In fact, these work showers are better than any shower in any house I’ve lived in for the last twenty years. I should have started using them as soon as we moved into the new building!

So, shower accomplished, a normal work day ensures, then I head back to the van. On the way, I pick up a four pack of Joker IPA from the station Sainsbury’s – luckily it’s already chilled, so no need for the ineffectual fridge.

It’s still a bit bright for the projector, so I decide to entertain myself with a bit of a trawl through Grindr. Well hey, I’ve been single for a year now, and a man has …urges. I’m fairly surprised to find quite a few people seem to think I’m quite attractive, and apparently “funny” too, as several remark when chatting. This is encouraging, and after much flirting a tentative arrangement is made to meet up with a rather cute young feller for “fun” the next day…

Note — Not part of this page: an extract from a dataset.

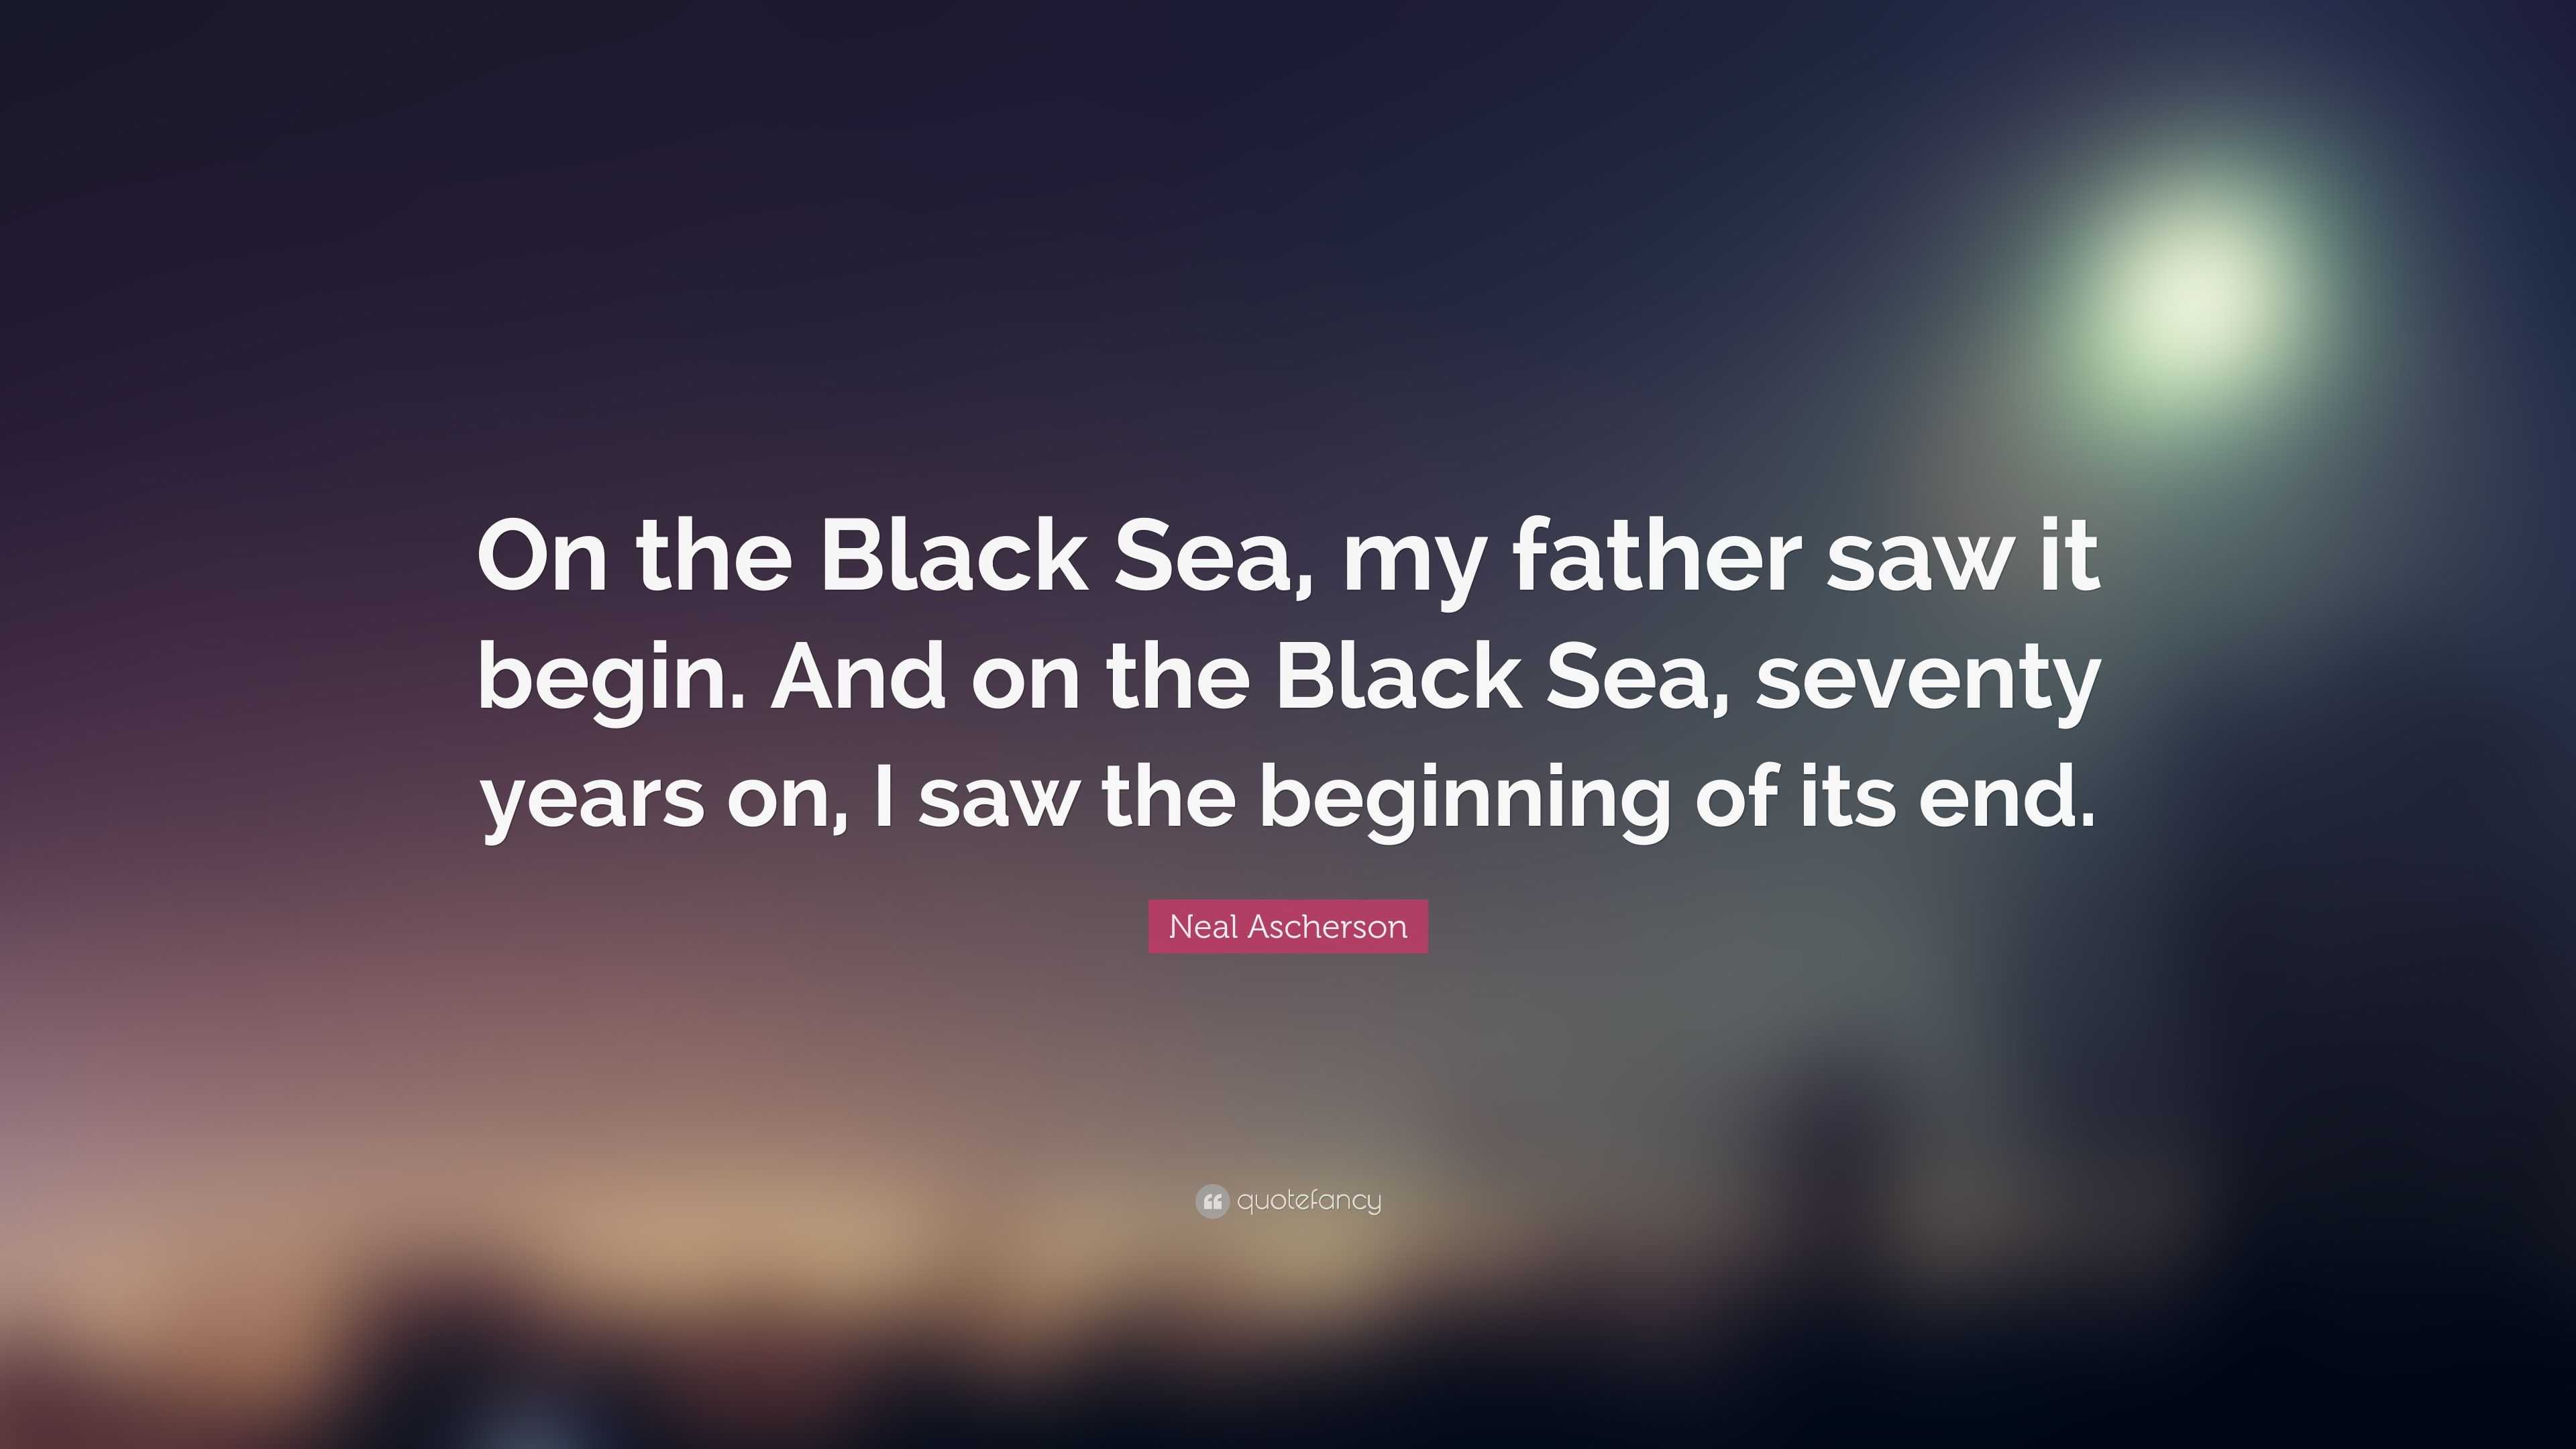 ascherson black sea

I’ve fallen into a nice little routine in just these few days, so as 8:15 rolls around it’s time for a couple of pints with Layla. The projector’s down to 25% power, and I’m up to date with Bodyguard, so I set a few things downloading from iPlayer and leave it charging while we drink. Sadly, the orangey IPA is a bit lacklustre compared to previous evenings – I guess we’ve drunk it down to the bottom of the barrel.

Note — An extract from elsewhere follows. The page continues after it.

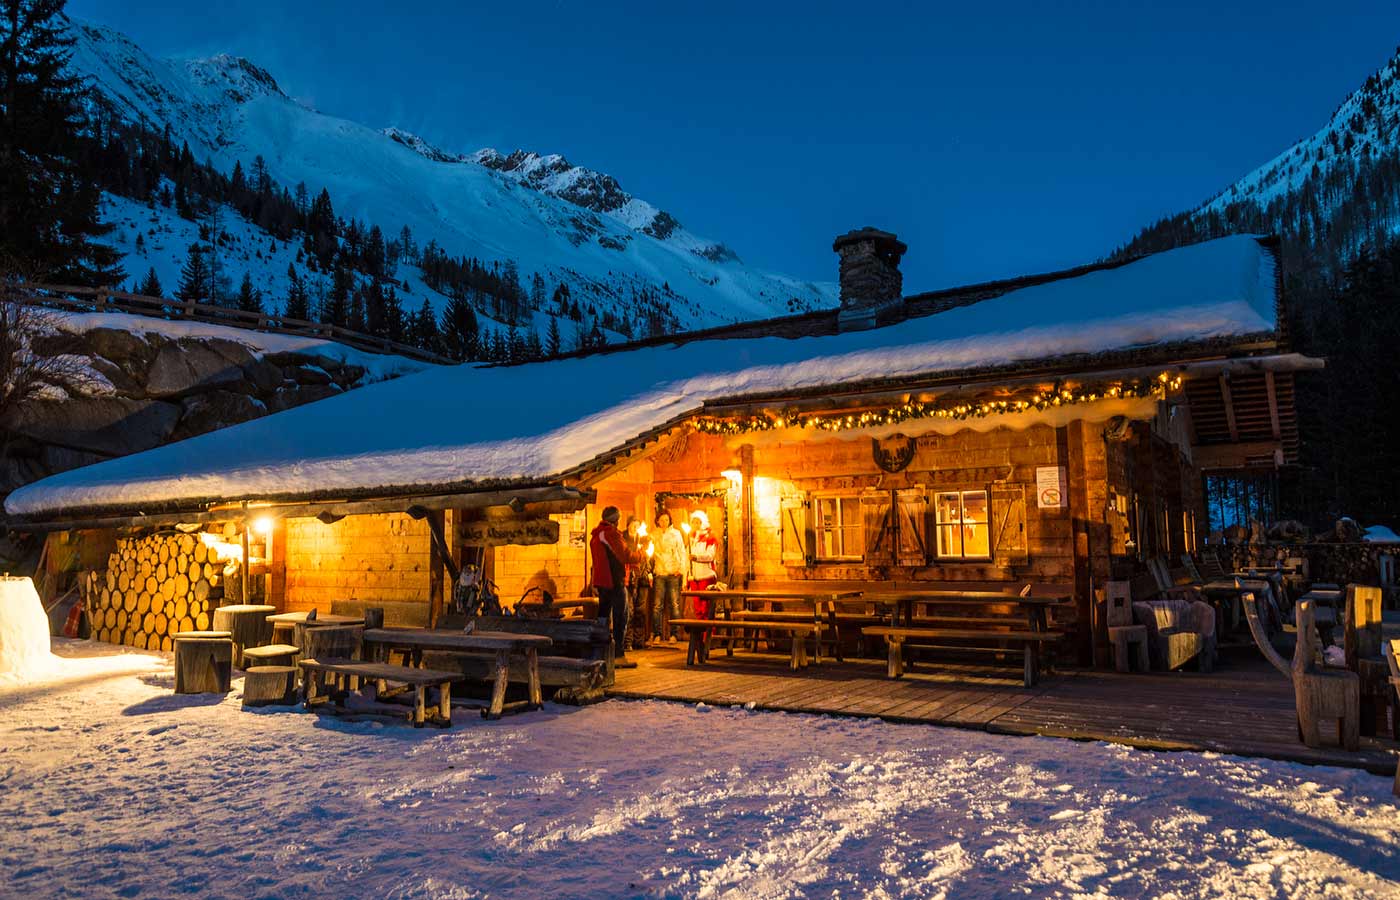 Romantisches Ambiente auf einer Hütte: Schneebedeckt und hell beleuchtet.

Back at the van, it’s starting to get a bit chilly. I guess autumn is starting to draw in, and unfortunately the heating is the one aspect of the van I haven’t figured out yet. It’s got a decent Propex heater, which so far as I can tell runs off the gas cylinder and uses the leisure battery for its electric ignition – hopefully that isn’t too much of a power drain. The internal temperature is regulated by a battery powered thermostat, taking two AAA batteries, which starts the heater if the temperature drops too low.

The previous owner showed me how it worked when I bought the van, but that day it was too hot in there for the heating to actually come on. So I’ve not actually seen it work, but everything else has so far (albeit ineffectually in the case of the fridge). The previous owner also explained that some quirk of the power system meant the thermostat drained AAA batteries really quickly, so you should always remove them when not using the heating. I, of course, nodded absently, and forgot all about it. Until time came to use the thermostat – flicking the switch brings no red power light, and the LCD display remains dead.

Oh well, I think to myself, it’s still fairly mild, I can probably live without heating for the moment. I’ll look into it as and when it’s really necessary.